Work to complete
Would you transcribe the listing that follows, character for character, and omit its images?

Material provided
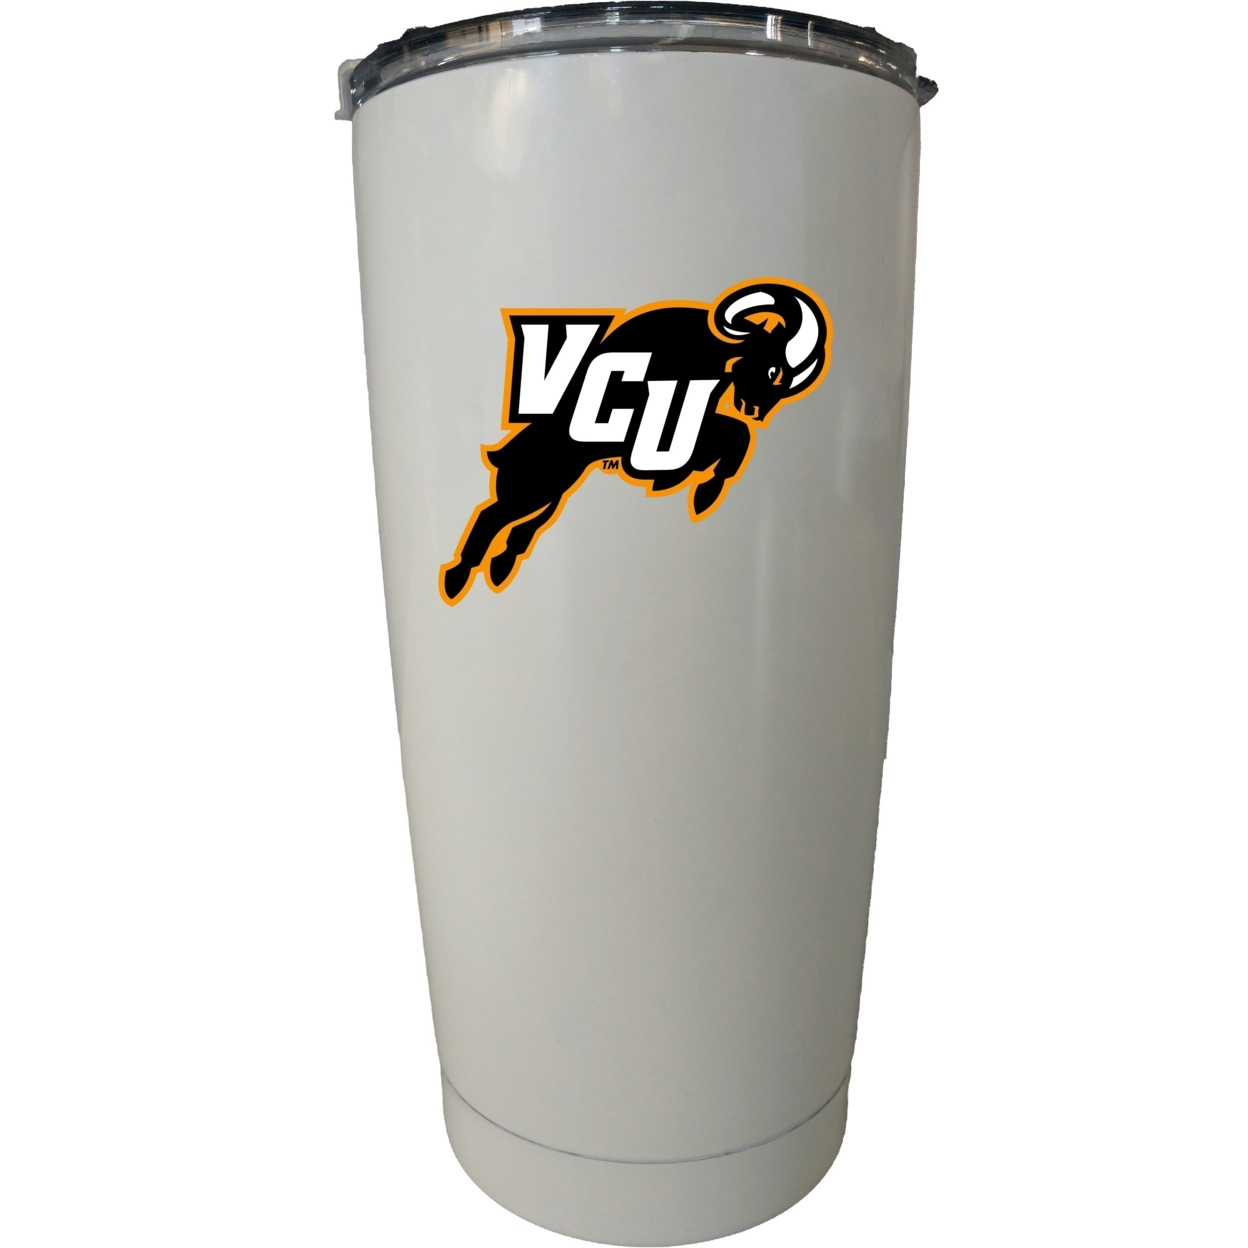 Virginia Commonwealth 16 Oz Insulated Stainless Steel Tumblers Choose Your Color. - White
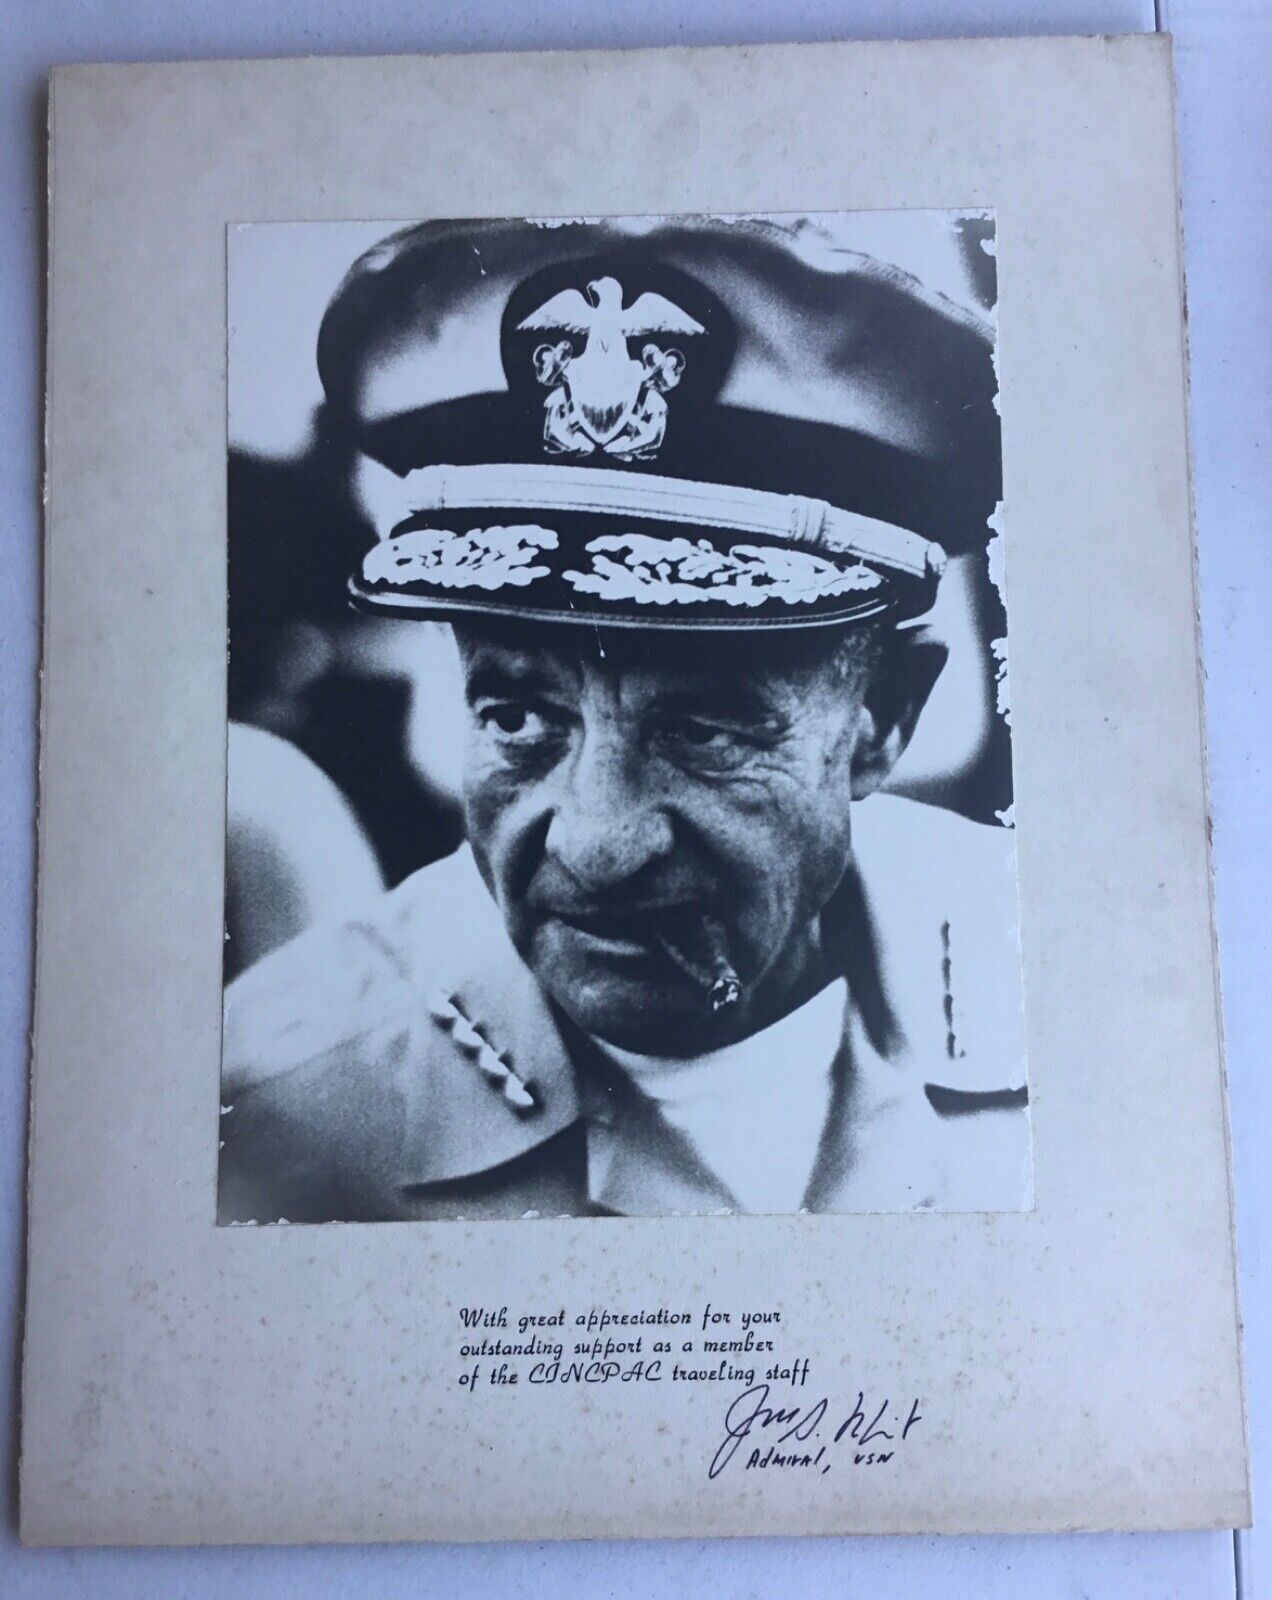 US Navy CINCPAC Commander in Chief Pacific Fleet HQ Admiral Signed Photo B&W
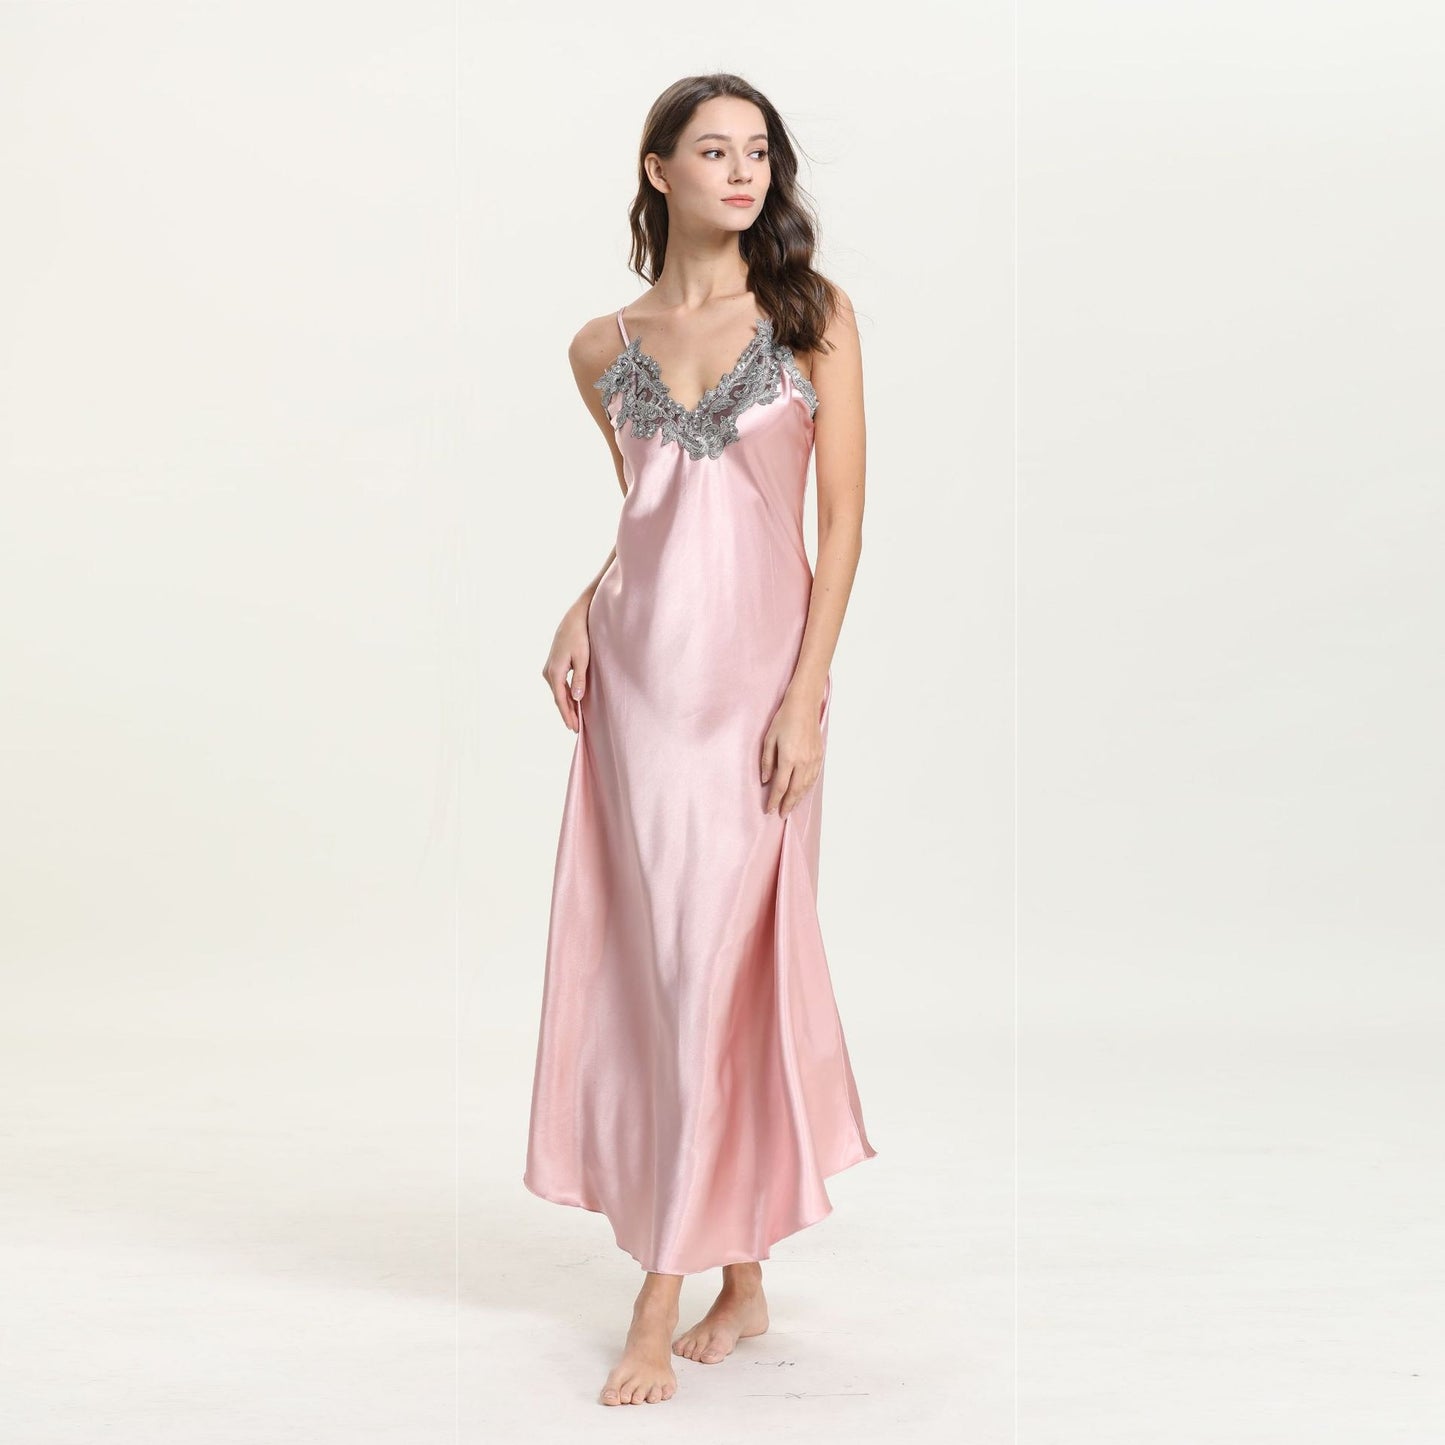 Long Chemise Lace Satin Nightgown

Exercise output
 Virginia Commonwealth 16 Oz Insulated Stainless Steel Tumblers Choose Your Color. - White
 US Navy CINCPAC Commander in Chief Pacific Fleet HQ Admiral Signed Photo B&W
 Long Chemise Lace Satin Nightgown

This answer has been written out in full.